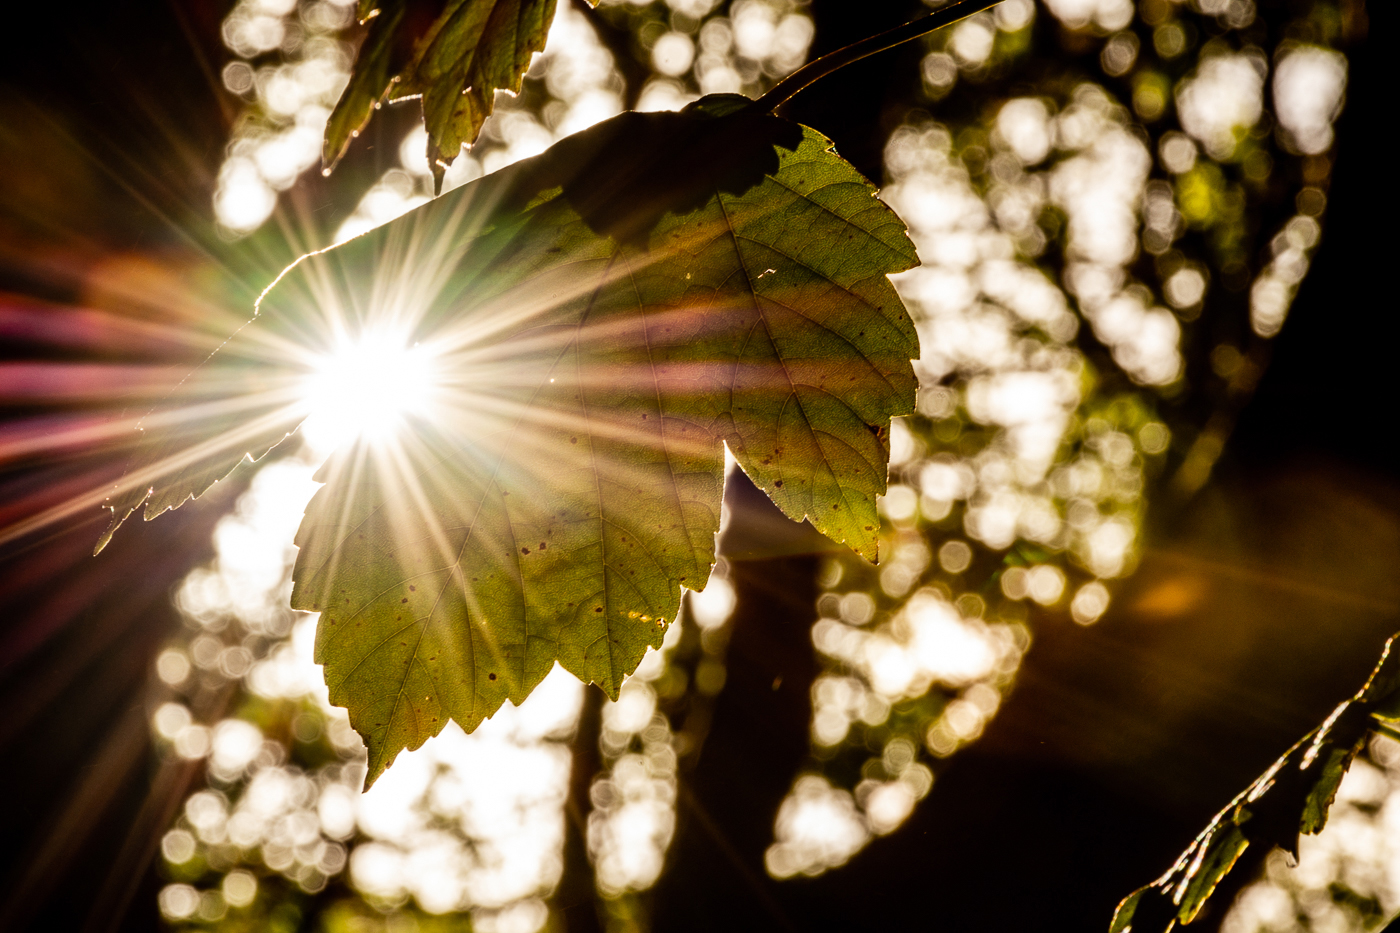 Sun burst through Leaf
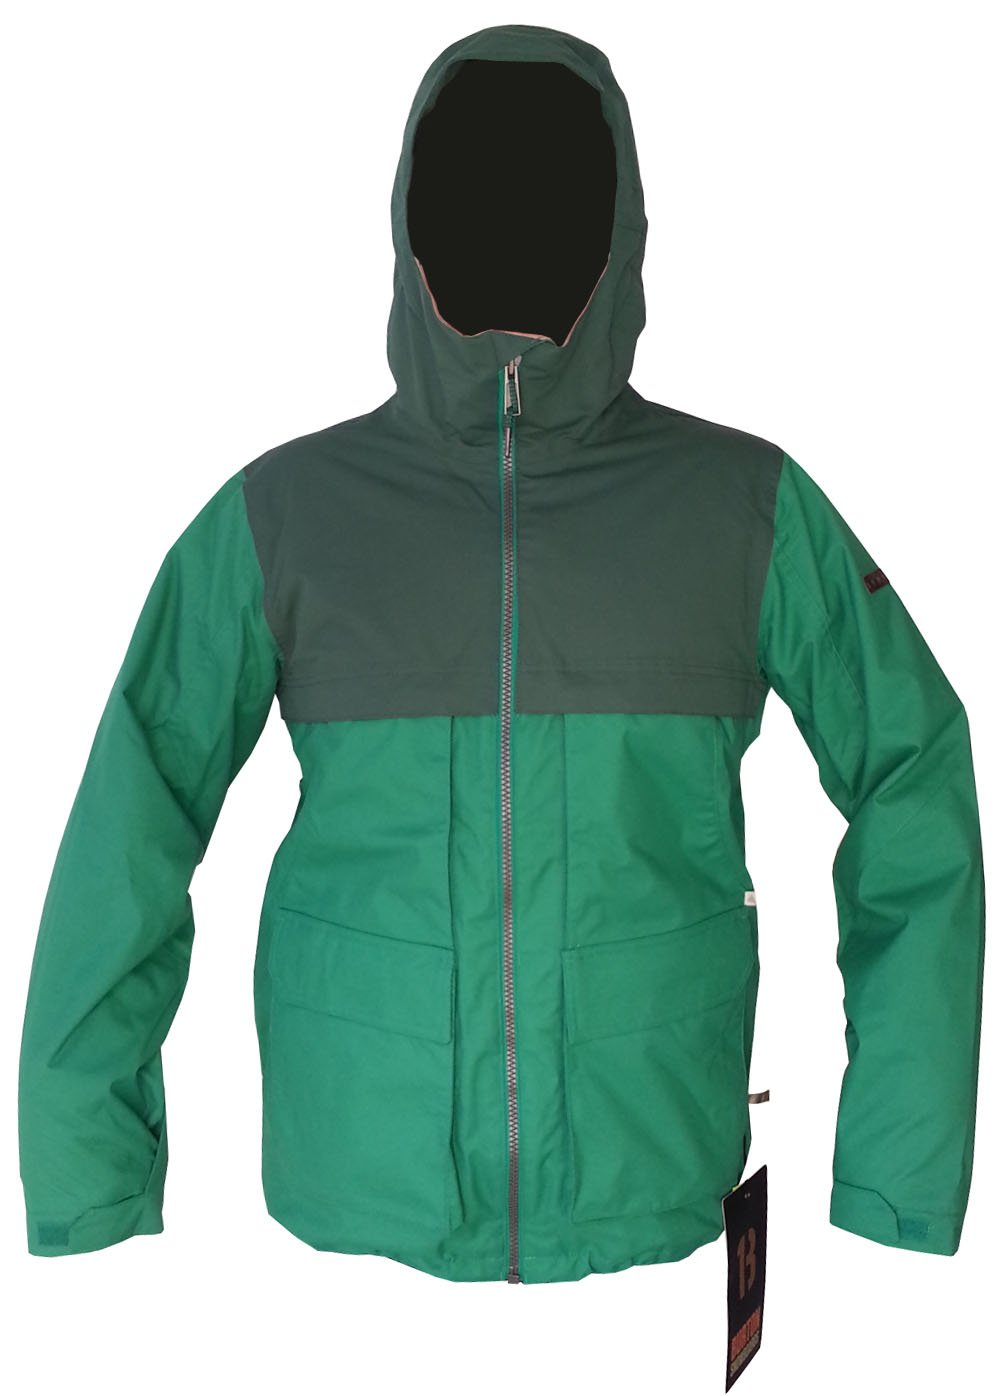 burton snowboard ski jacke arctic jacket wasserdicht winddicht atmungsaktiv jetzt kaufen. Black Bedroom Furniture Sets. Home Design Ideas
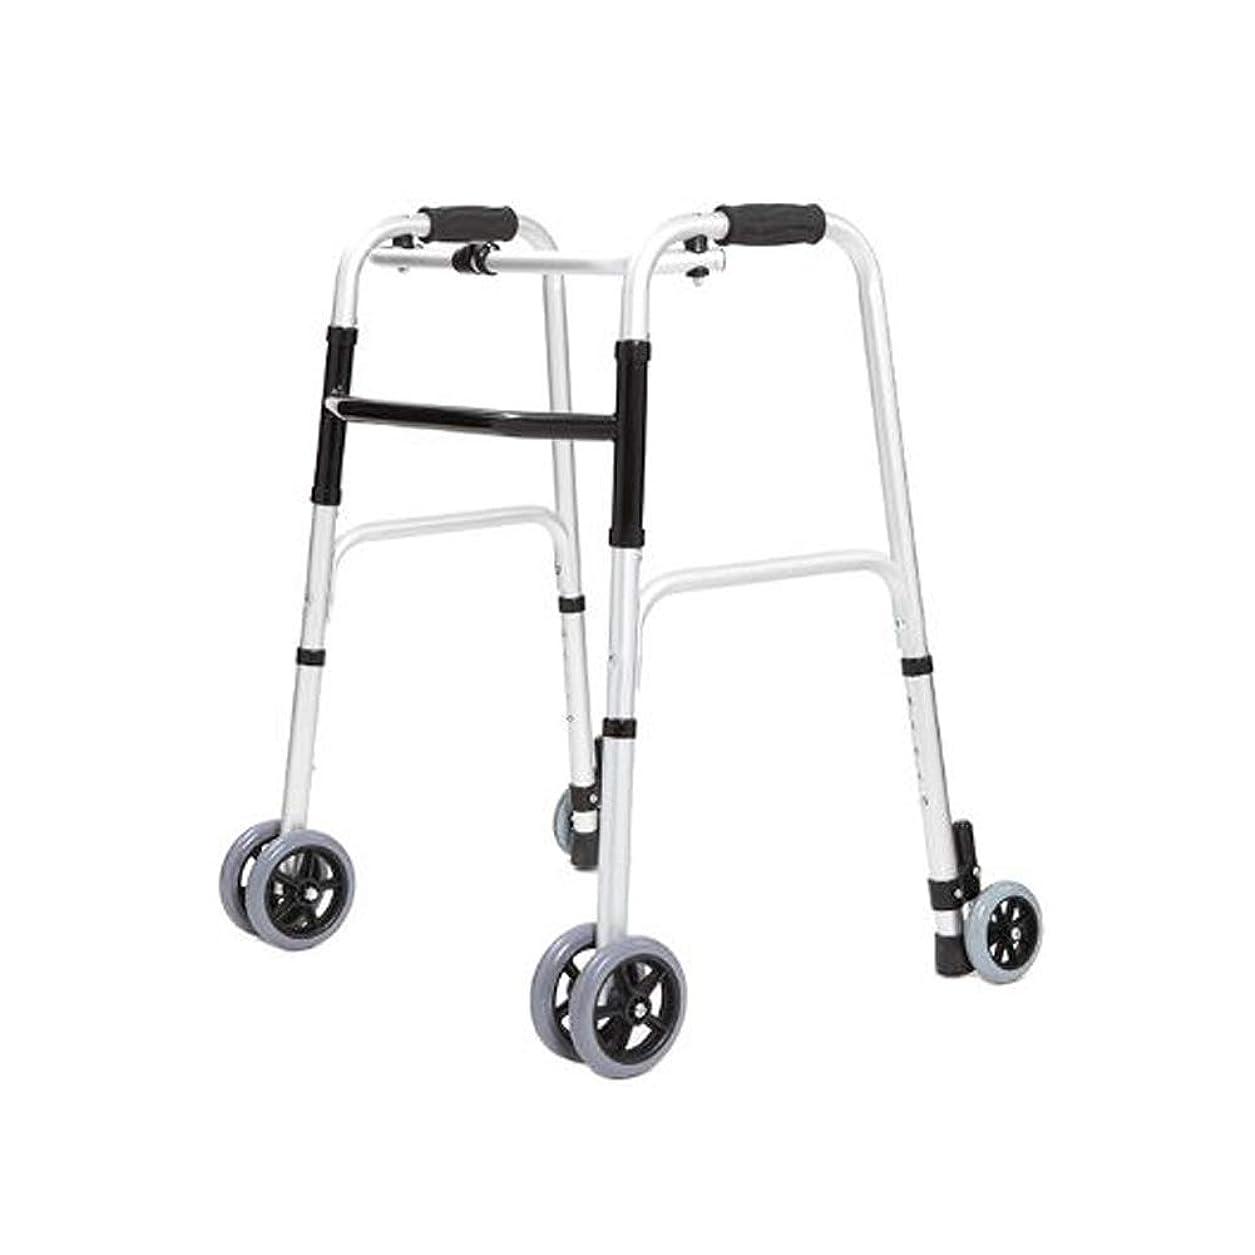 着飾るマウントメタン[ラオンアチ] 大人のための歩行器 折りたたみ 車輪型歩行器 6輪歩行車 5段の高さ調節可能 [日本語説明書付き] [海外直送品]
::::::::
What you will do: Set out the material once more, exact in every line, with no images.

Written reply:
 Sun burst through Leaf
 burton snowboard ski jacke arctic jacket wasserdicht winddicht atmungsaktiv jetzt kaufen. Black Bedroom Furniture Sets. Home Design Ideas
 着飾るマウントメタン[ラオンアチ] 大人のための歩行器 折りたたみ 車輪型歩行器 6輪歩行車 5段の高さ調節可能 [日本語説明書付き] [海外直送品]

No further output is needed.